The Hyrcanian forests are themselves a relic of a more widespread, humid Tertiary dendroflora when Pterocarya was found across much of Europe. There are also several large trees by the side of the lake at Mote Park, colouring up gorgeously this week, and in my view in a much more appropriate situation!
Note the droopiness of the leaflets of this species, the only one I have seen in the UK, but as described in Collins. And these are very big multi-stemmed trees!
I came across an interesting paper by Leroy et al (2013) about the history of Pterocarya to the South of the Caspian Sea: According to them, a well-defined Pterocarya decline occurs in diagrams in Northern Iran and in western Georgia. This takes place at ages ranging from around AD 780–1350. The decline has been variously attributed to a regional climatic drying, P. fraxinifolia being a tree of humid soils, and to human activities. Native people use the leaf of this tree as an anaesthetic agent for catching fish, for dyeing and as an antifungal agent. Its nut is edible (but pretty tiny!). Its wood however is of little use in joinery.
In the East, this decline is seen at around AD 495; therefore it occurs earlier than further west.
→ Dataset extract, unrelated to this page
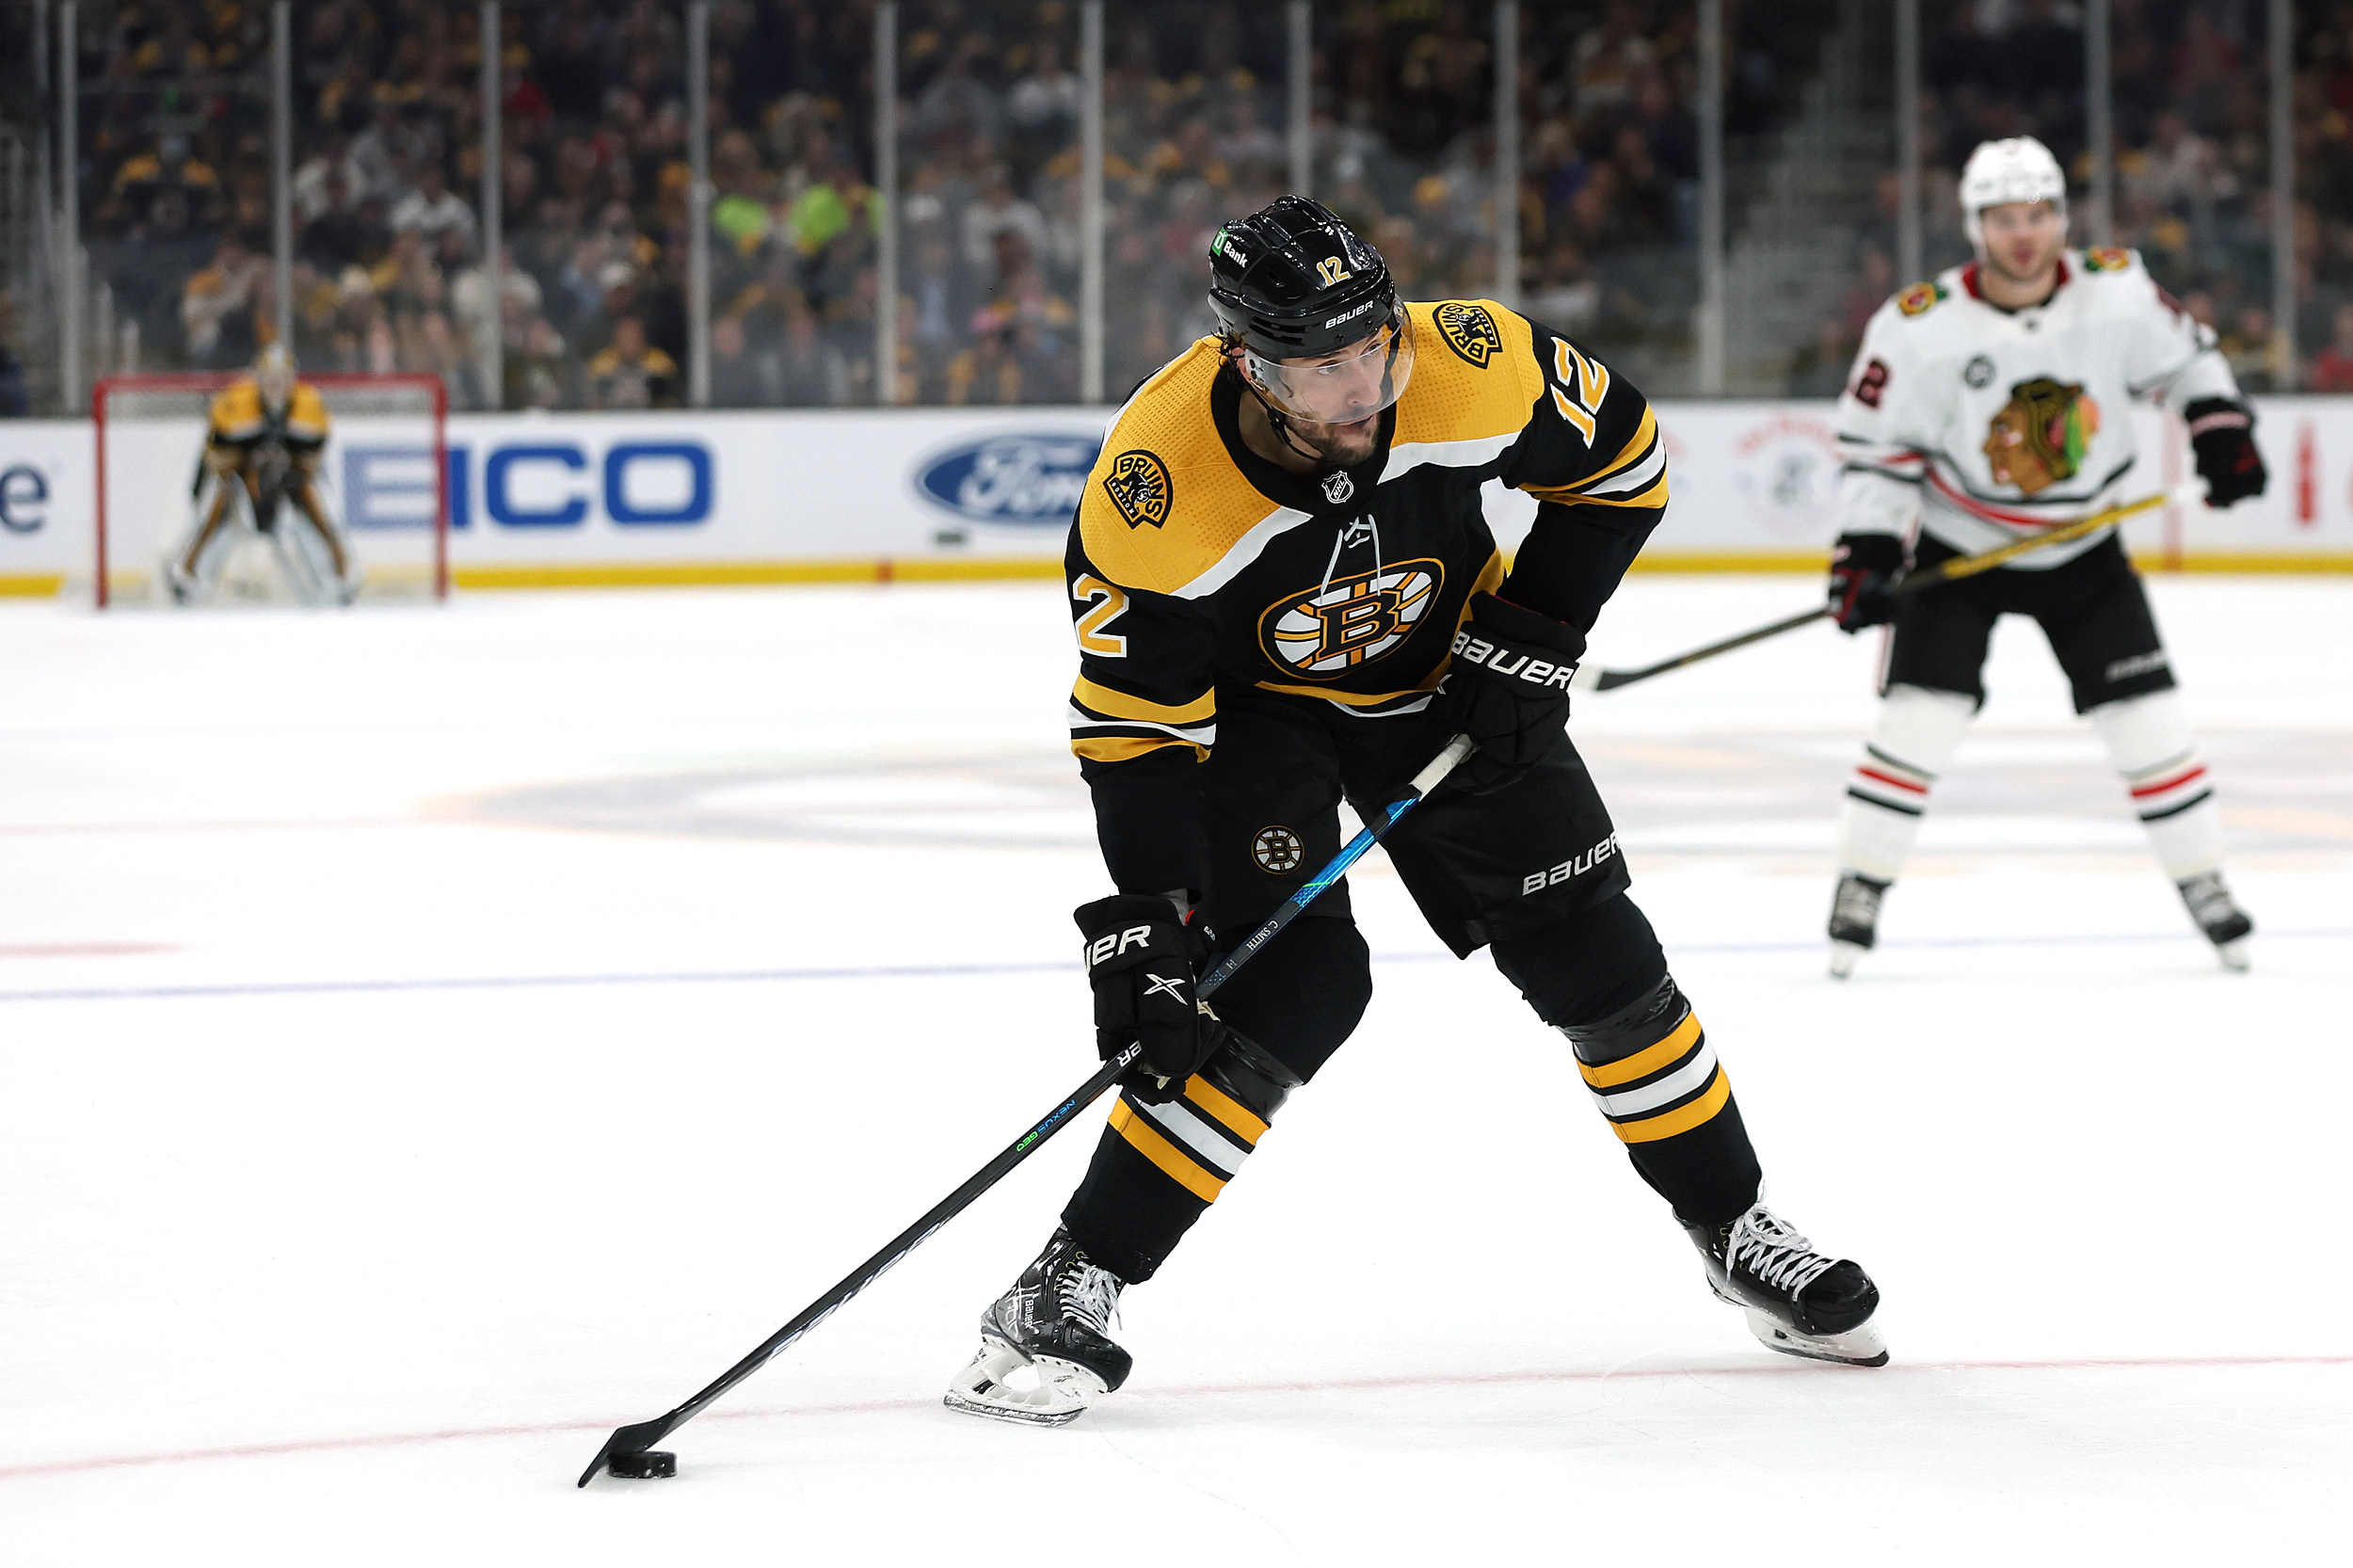 Blackhawks push Bruins to brink

The decline of Pterocarya in the studied region corresponds to the time when the Sasanian Empire in the early Middle Ages built the Gorgan wall and associated buildings. Human interference in the demise of the Pterocarya therefore cannot be ruled out in addition to the aridification of the climate.
An east–west trend may also exist with an earlier decline of Pterocarya in the drier east than in the wetter west. The region of study is close to the easternmost limit of the species distribution at present. Although the pollen of this tree is abundant in the surface samples (mud and moss) of Nahar Khoran near Gorgan town, it is absent from the surface samples 190 km further east of Gorgan in the Golestan National Park. This proximity to the species distribution limits may make it more sensitive to anthropogenic or climatic changes.